Document-based RTMs, whether maintained in spreadsheets or generated from traditional requirements management systems, handle this through manual link maintenance. Every version update requires human review of every affected link. For a device with annual retraining cycles and a complex PCCP, this becomes a significant quality system burden.
Tools built on graph-native data models handle version-dependent traceability more naturally. Flow Engineering, for example, structures requirements as nodes in a connected model where relationships are first-class objects, queryable and analyzable rather than just documented. For medical device teams managing adaptive AI products, this architecture allows querying the model in ways that document-based systems cannot support directly: “What requirements are affected if the retraining dataset composition constraint changes?” or “What validation evidence would be invalidated by an architectural modification outside the current PCCP envelope?” Those are exactly the questions a regulatory engineer needs to answer quickly when a post-market signal arrives or when the clinical team proposes an enhancement.
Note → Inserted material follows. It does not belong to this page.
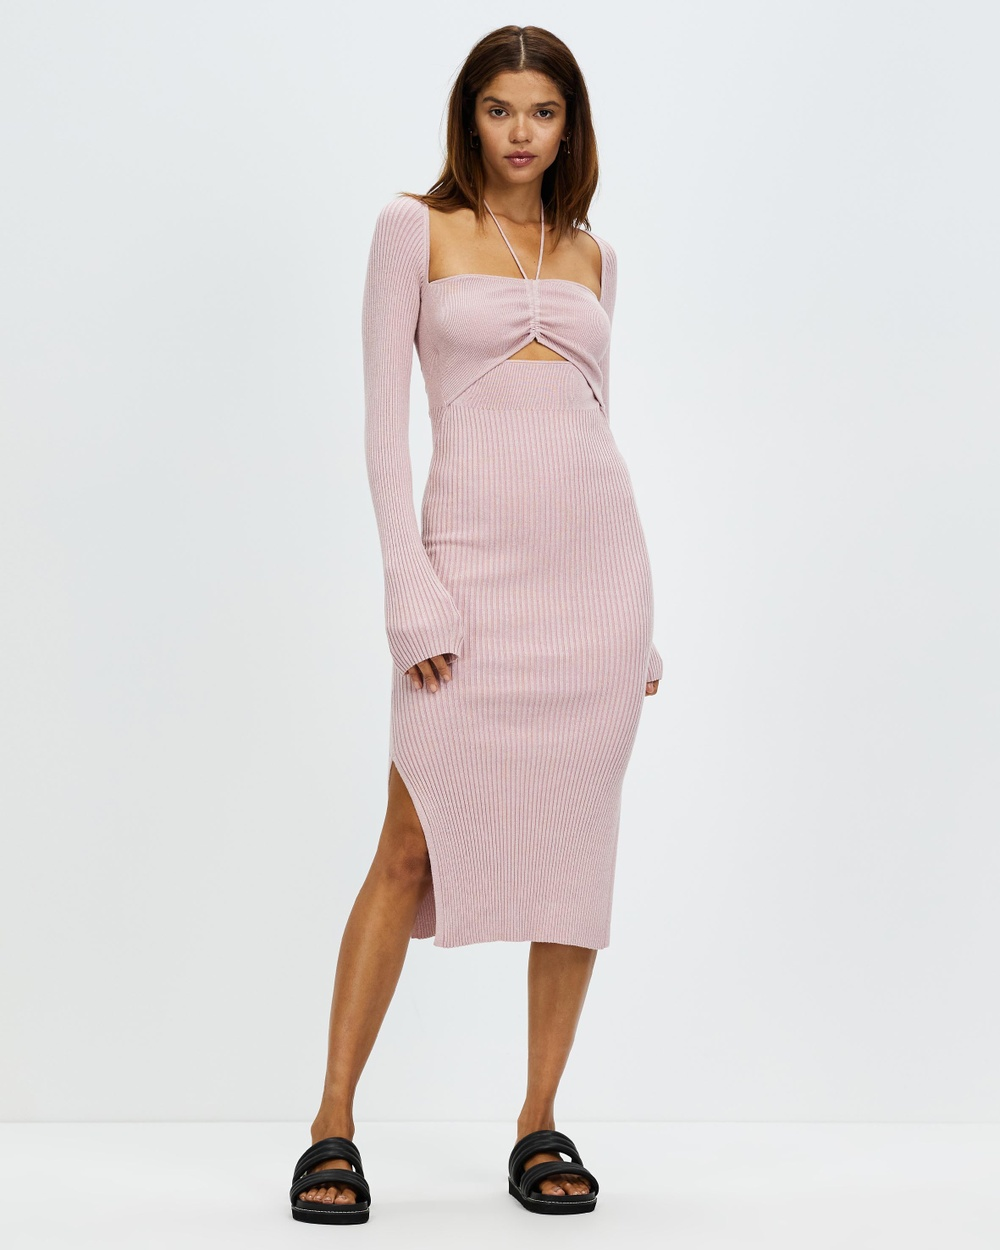 AERE Halter Knit Dress Bodycon Dresses Pink

The shift from document-based to graph-based requirements management is not cost-free. It requires the team to invest in model discipline—defining entity types, relationship types, and attribute schemas before the model is useful—and it requires integration with downstream tools (test management, post-market surveillance systems, document generation for regulatory submissions). But for adaptive AI medical devices, where the traceability problem will compound with every model version, the investment case is straightforward.
Honest Assessment
The FDA’s PCCP and TPLC frameworks are genuinely better regulatory architecture for adaptive AI than what existed before. They acknowledge that the device is a system that evolves, and they create a structured pathway for managing that evolution. The underlying logic—pre-specify the change space, define the controls, monitor performance, trigger new submissions when you exit the envelope—is sound engineering translated into regulatory language.
The implementation is incomplete. The guidance leaves significant discretion to manufacturers on questions that matter: What constitutes an architectural change sufficient to exit the PCCP envelope? How granular must the dataset composition constraints be? What statistical confidence is required on post-market performance monitoring before a retraining trigger fires? Companies are making defensible choices on these questions, but they are making different choices, and there is no harmonized standard yet to resolve the variance.
For systems engineers, the immediate implication is clear: the requirements problem for adaptive AI medical devices is harder than for conventional devices, the regulatory stakes for getting it wrong are higher, and the tooling most engineering teams are using was not designed for it. The companies gaining ground are those treating the PCCP as an engineering document first and a regulatory document second—building the requirements model that the PCCP describes, then generating the submission artifact from that model rather than writing the submission and hoping the engineering catches up.
That inversion of the traditional regulatory-to-engineering flow is the deeper shift the FDA’s guidance is forcing. It is overdue, and it is not optional.